Zhang Jixiong, Yan Hong, Xiong Yanmei, Li Qianqian, Min Shungeng
College of Science, China Agricultural University No. 2, Yuanmingyuanxi Road, Haidian District Beijing 100193 P.R. China
School of Marine Science, China University of Geosciences in Beijing Beijing 100086 China.
RSC Adv. 2019 Feb 26;9(12):6708-6716. doi: 10.1039/c8ra08754g. eCollection 2019 Feb 22.
Wavelength selection is a critical factor for pattern recognition of vibrational spectroscopic data. Not only does it alleviate the effect of dimensionality on an algorithm's generalization performance, but it also enhances the understanding and interpretability of multivariate classification models. In this study, a novel partial least squares discriminant analysis (PLSDA)-based wavelength selection algorithm, termed ensemble of bootstrapping space shrinkage (EBSS), has been devised for vibrational spectroscopic data analysis. In the algorithm, a set of subsets are generated from a data set using random sampling. For an individual subset, a feature space is determined by maximizing the expected 10-fold cross-validation accuracy with a weighted bootstrap sampling strategy. Then an ensemble strategy and a sequential forward selection method are applied to the feature spaces to select characteristic variables. Experimental results obtained from analysis of real vibrational spectroscopic data sets demonstrate that the ensemble wavelength selection algorithm can reserve stable and informative variables for the final modeling and improve predictive ability for multivariate classification models.

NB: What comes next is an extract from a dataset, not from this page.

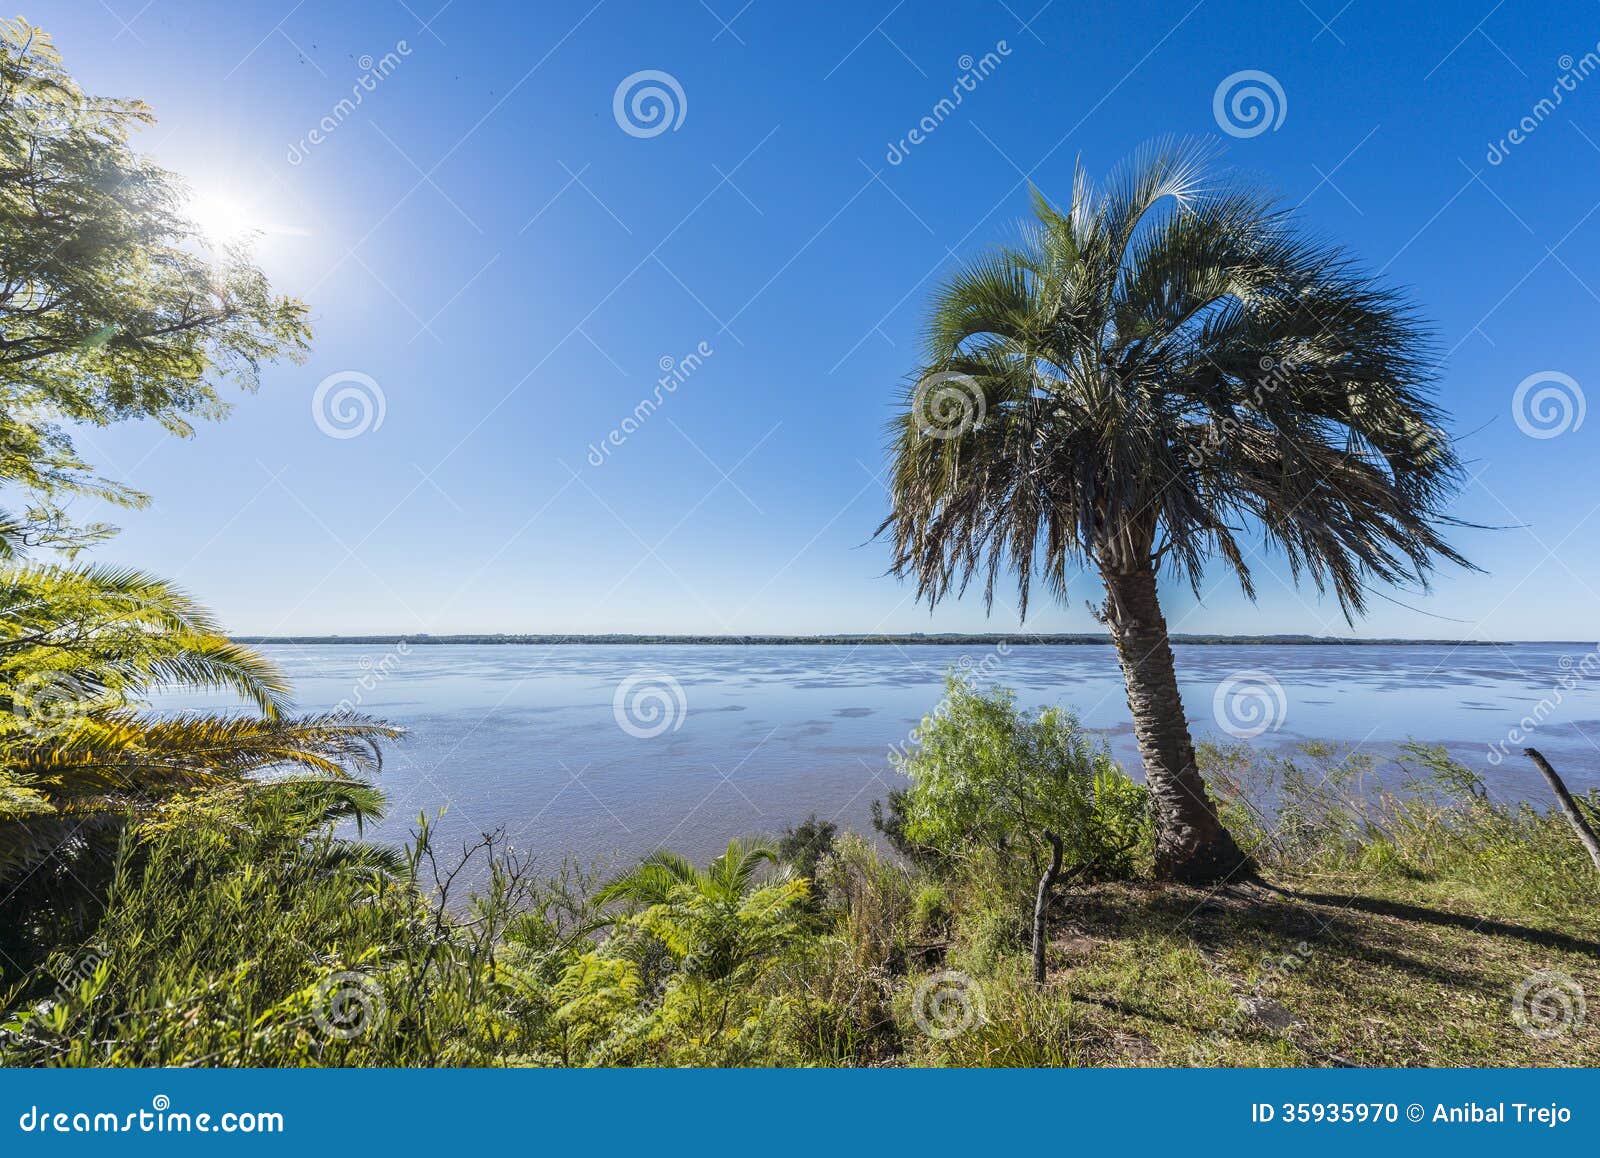 palms on el palmar national park, argentina

波长选择是振动光谱数据模式识别的关键因素。它不仅能减轻维度对算法泛化性能的影响,还能增强多元分类模型的可理解性和可解释性。在本研究中,一种基于偏最小二乘判别分析(PLSDA)的新型波长选择算法——自展空间收缩集成算法(EBSS)被设计用于振动光谱数据分析。在该算法中,通过随机抽样从数据集中生成一组子集。对于单个子集,采用加权自展抽样策略,通过最大化期望的10折交叉验证准确率来确定特征空间。然后将集成策略和顺序向前选择方法应用于这些特征空间以选择特征变量。对实际振动光谱数据集的分析结果表明,该集成波长选择算法能够为最终建模保留稳定且信息丰富的变量,并提高多元分类模型的预测能力。